▶ Exercise requirements
When you write out the listing, keep each word exactly as it stands but include none of its images.

▶ Data block
☆ ☆ ☆

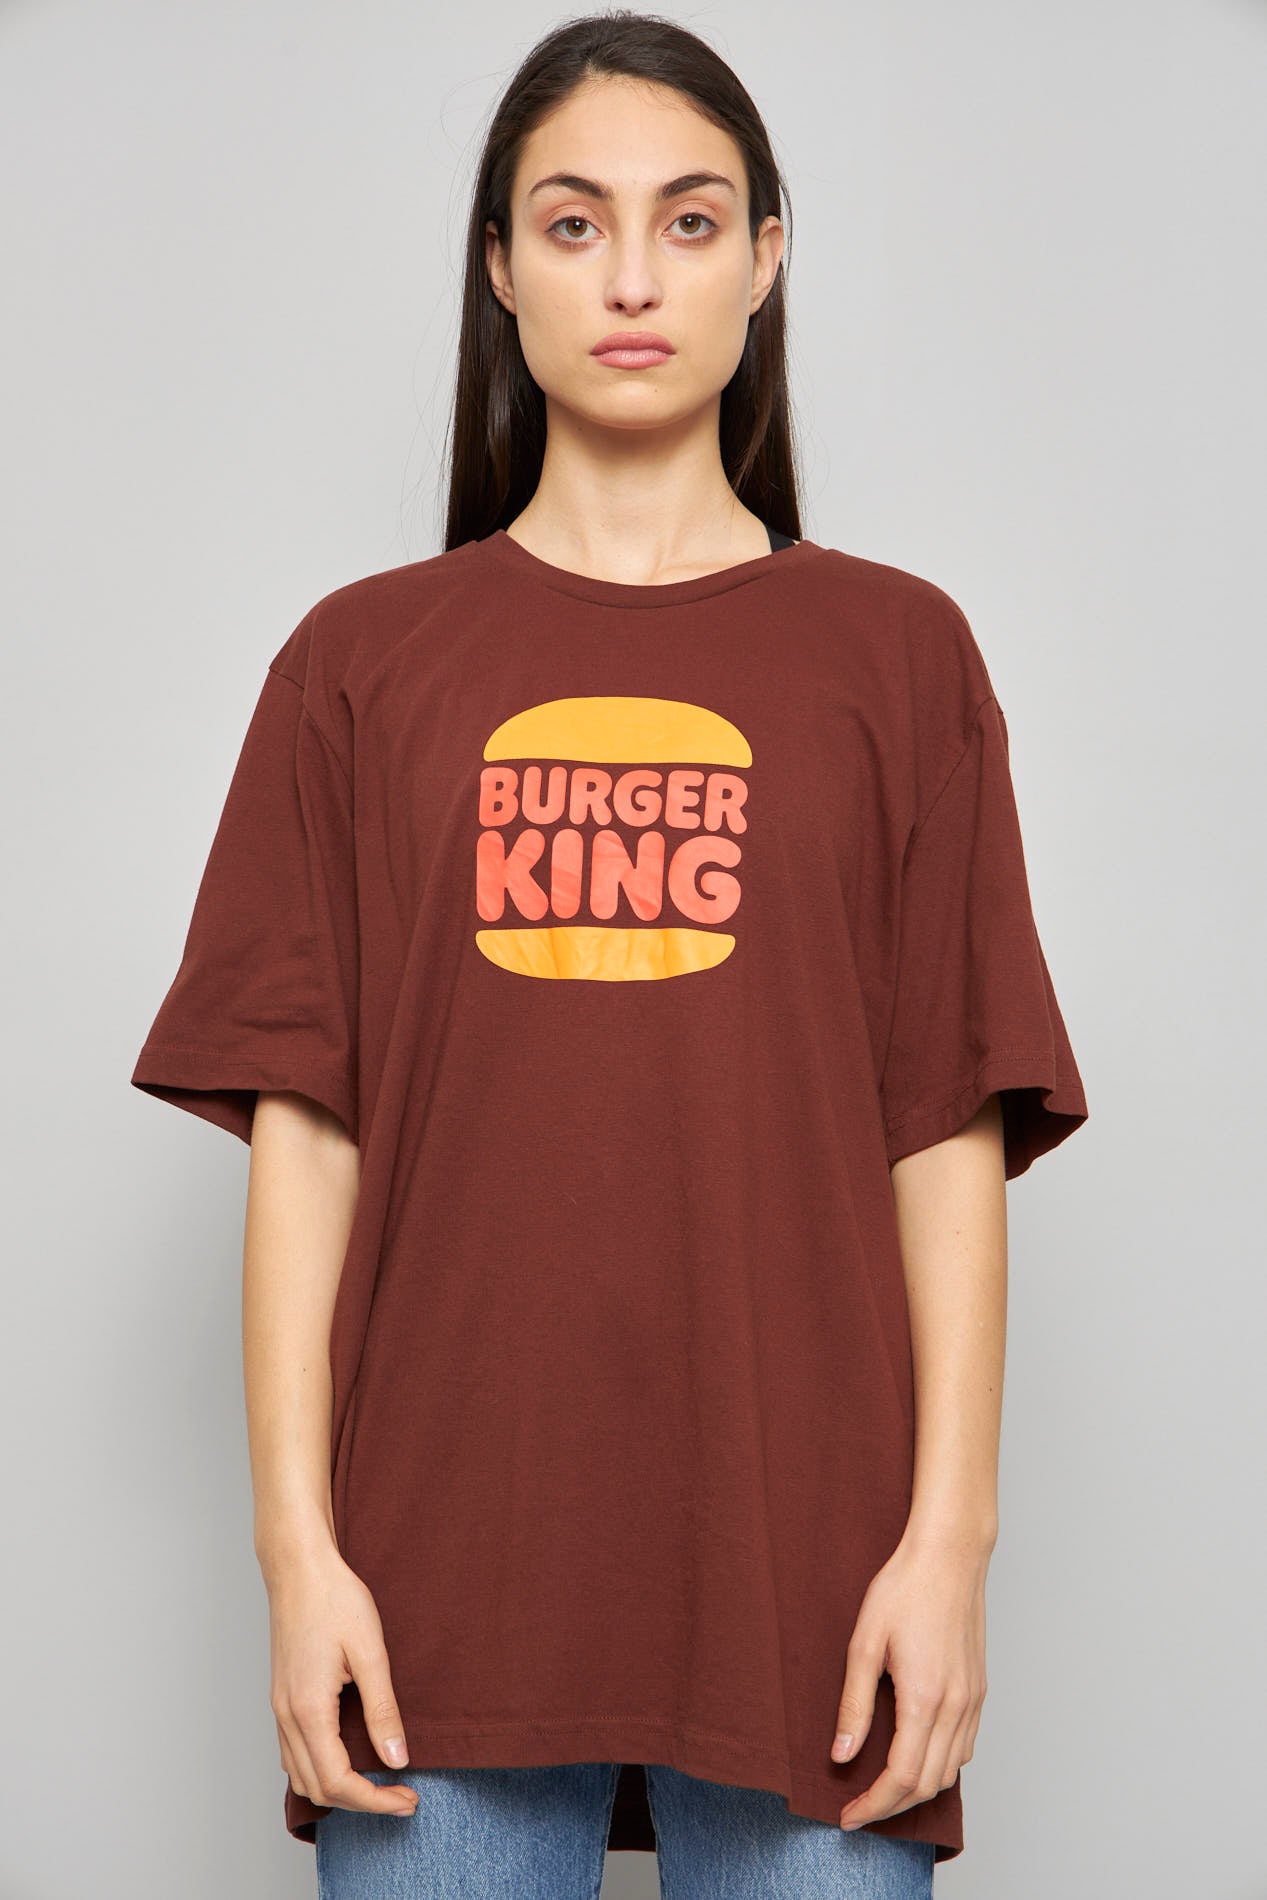 Polera casual  café burger king talla Xl 524
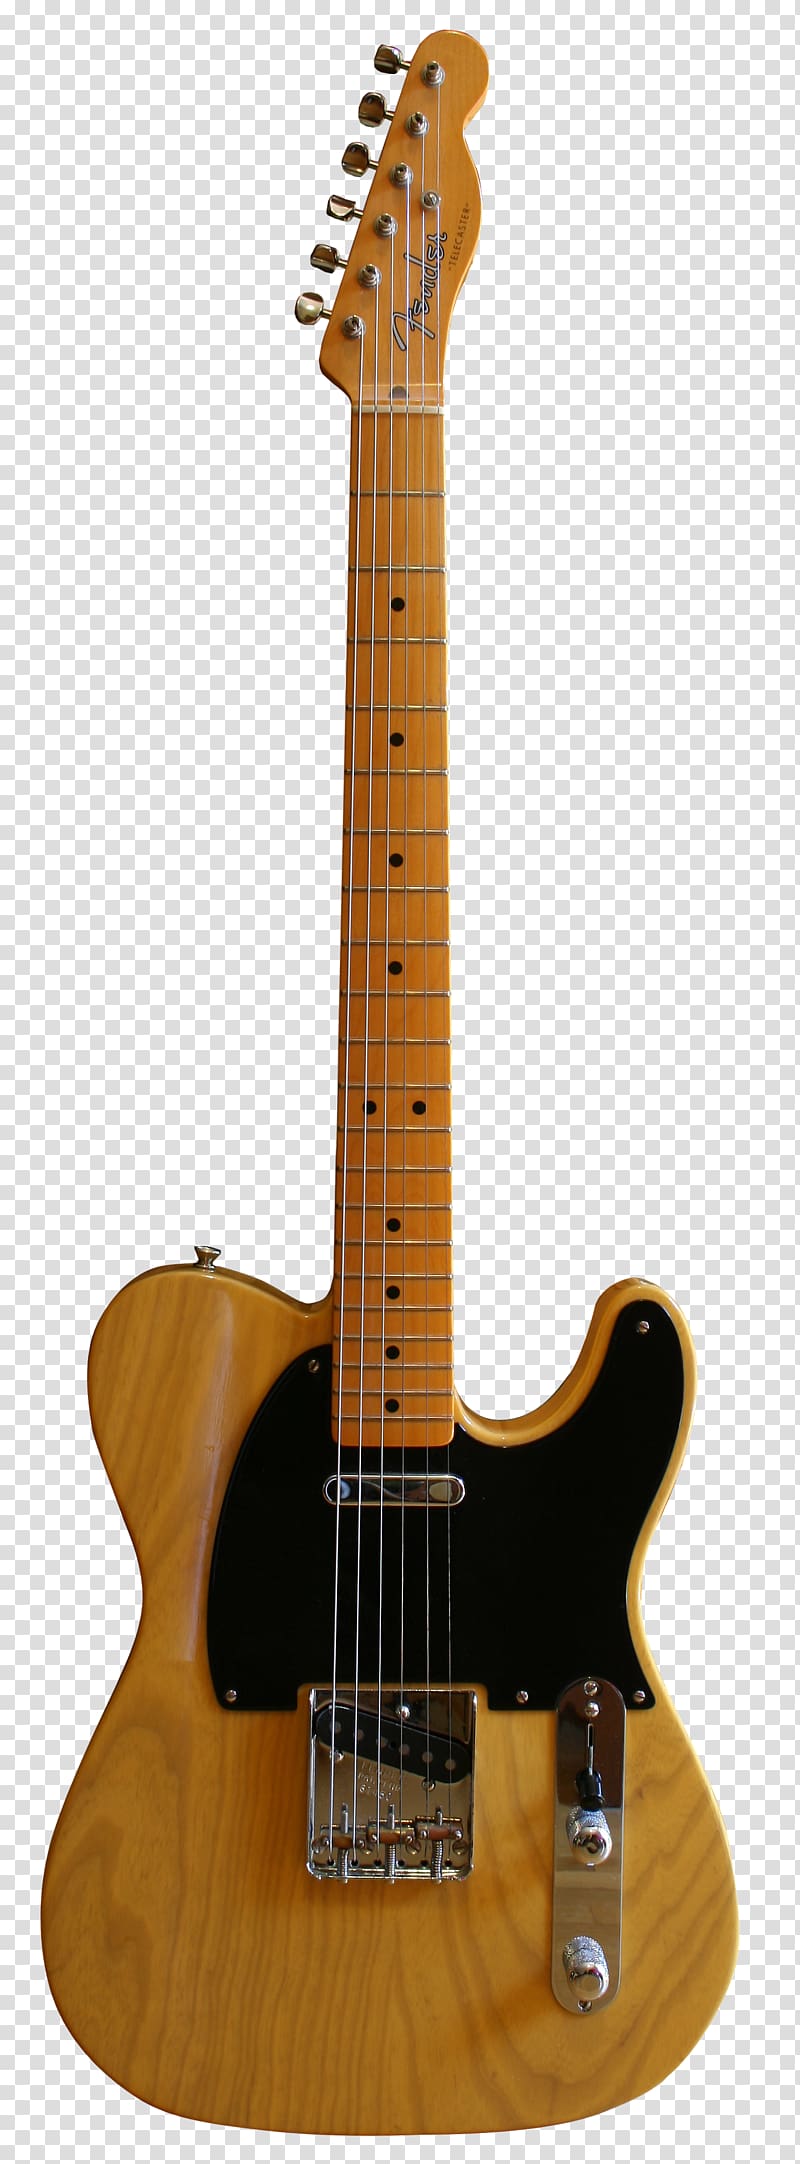 Fender Stratocaster Resonator guitar Fender Telecaster Electric guitar Musical Instruments, vintage transparent background PNG clipart
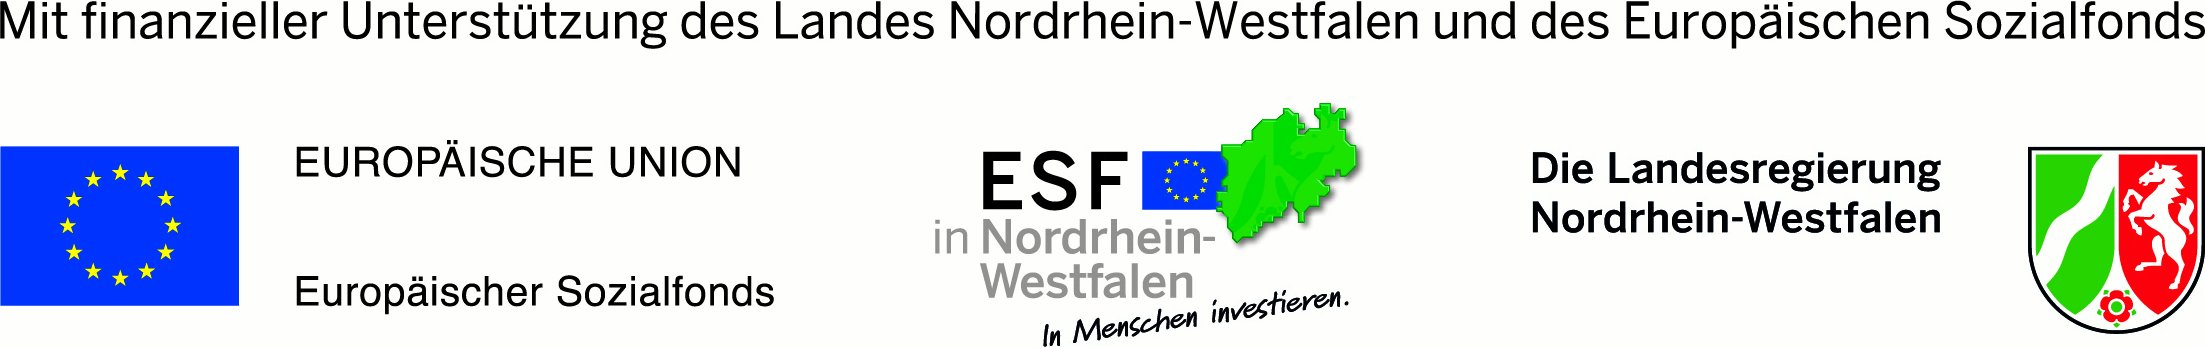 eu_esf-nrw_landesregierung_fh_4c-logo

☆ ☆ ☆

▶ Reply to the task
 Polera casual  café burger king talla Xl 524
 Fender Stratocaster Resonator guitar Fender Telecaster Electric guitar Musical Instruments, vintage transparent background PNG clipart
 eu_esf-nrw_landesregierung_fh_4c-logo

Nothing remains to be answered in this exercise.